The national numbers, however, are quite a bit lower than those in the five states with the heftiest shares of distressed sales. In Michigan and Florida, 21.7 percent of April sales were distressed properties. Close behind were Maryland, Illinois, and Connecticut, which all had more than 19 percent distressed sales.

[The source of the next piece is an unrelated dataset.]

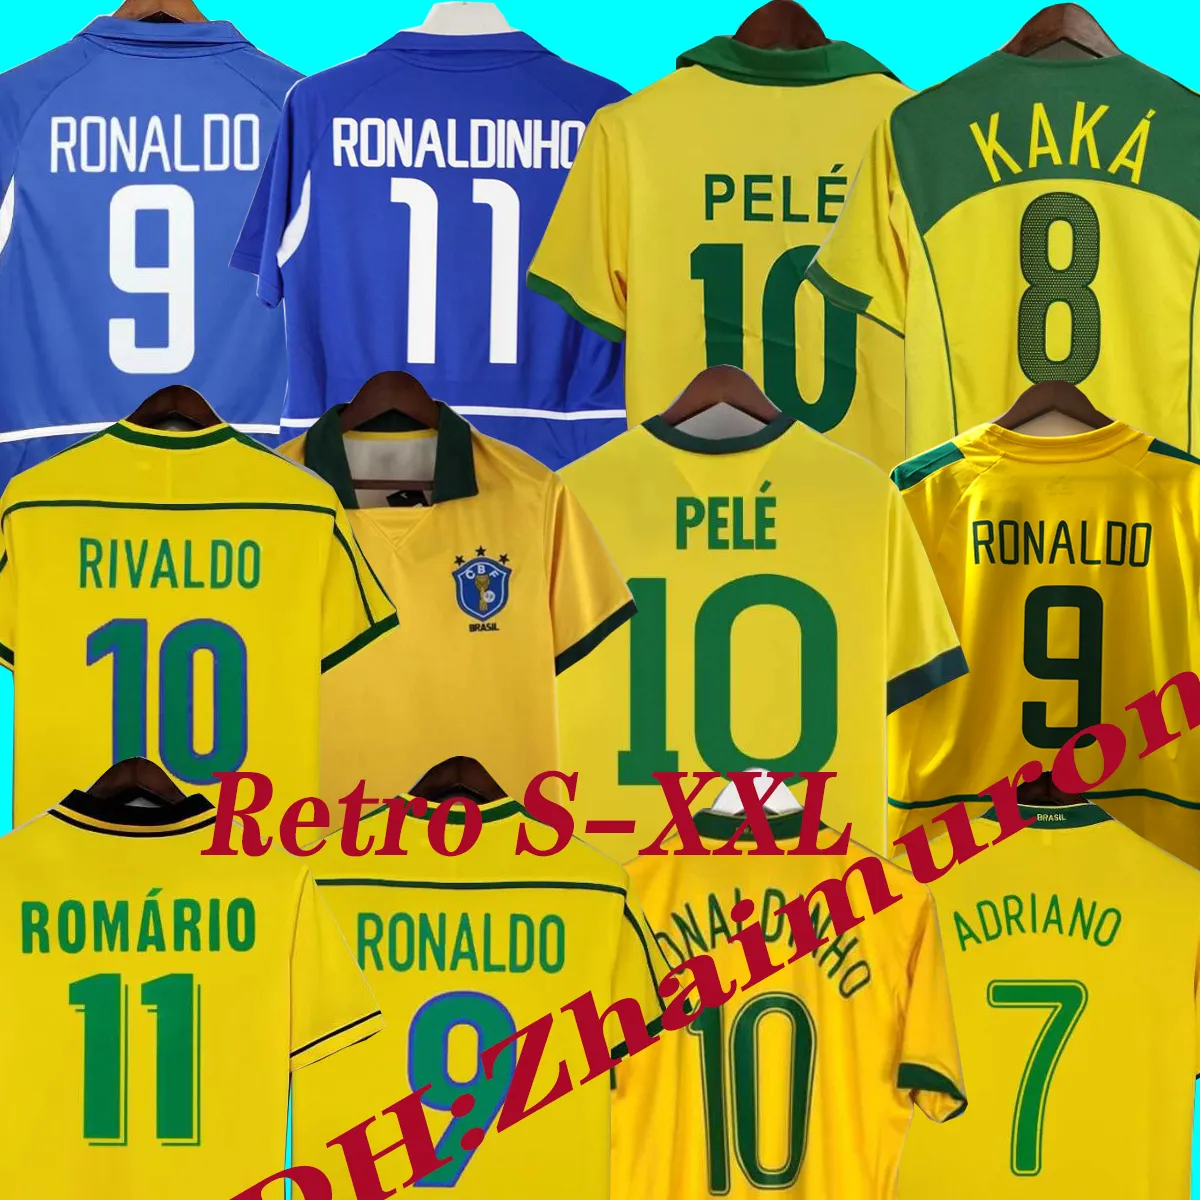 1957 1970 1998 Brasil Soccer Jerseys 2002 Retro Shirts Carlos Romario Ronaldinho 2004 Camisa de Futebol 1994 Brasils 2006 1988 Rivaldo Adriano Joelinton Football

Orlando, Miami, and Tampa had the highest metro-area numbers for the month. All reported that almost a quarter of their April sales were distressed properties. Chicago and Baltimore came a close second and third, each reporting distressed sales around 20 percent. On the flip side, Atlanta reported an 8.3 percent drop in distressed sales compared to April of 2014 ‒‒ from 23.5 percent to 15.2 percent.

California, which saw distressed sales comprise two-thirds of its January, 2009, sales, finally fell below 10 percent in April. Distressed sales made up 9.7 percent of the state’s April sales. The Riverside-San Bernardino-Ontario metro, which in February, 2009, saw distressed sales comprise 76.3 percent of its sales, reported 12. 7 percent distressed sales in April.

Nevada’s distressed property sales dropped by almost 8 percent in April. Meanwhile, North Dakota and the District of Columbia reported pre-crisis figures, each at around 1 percent.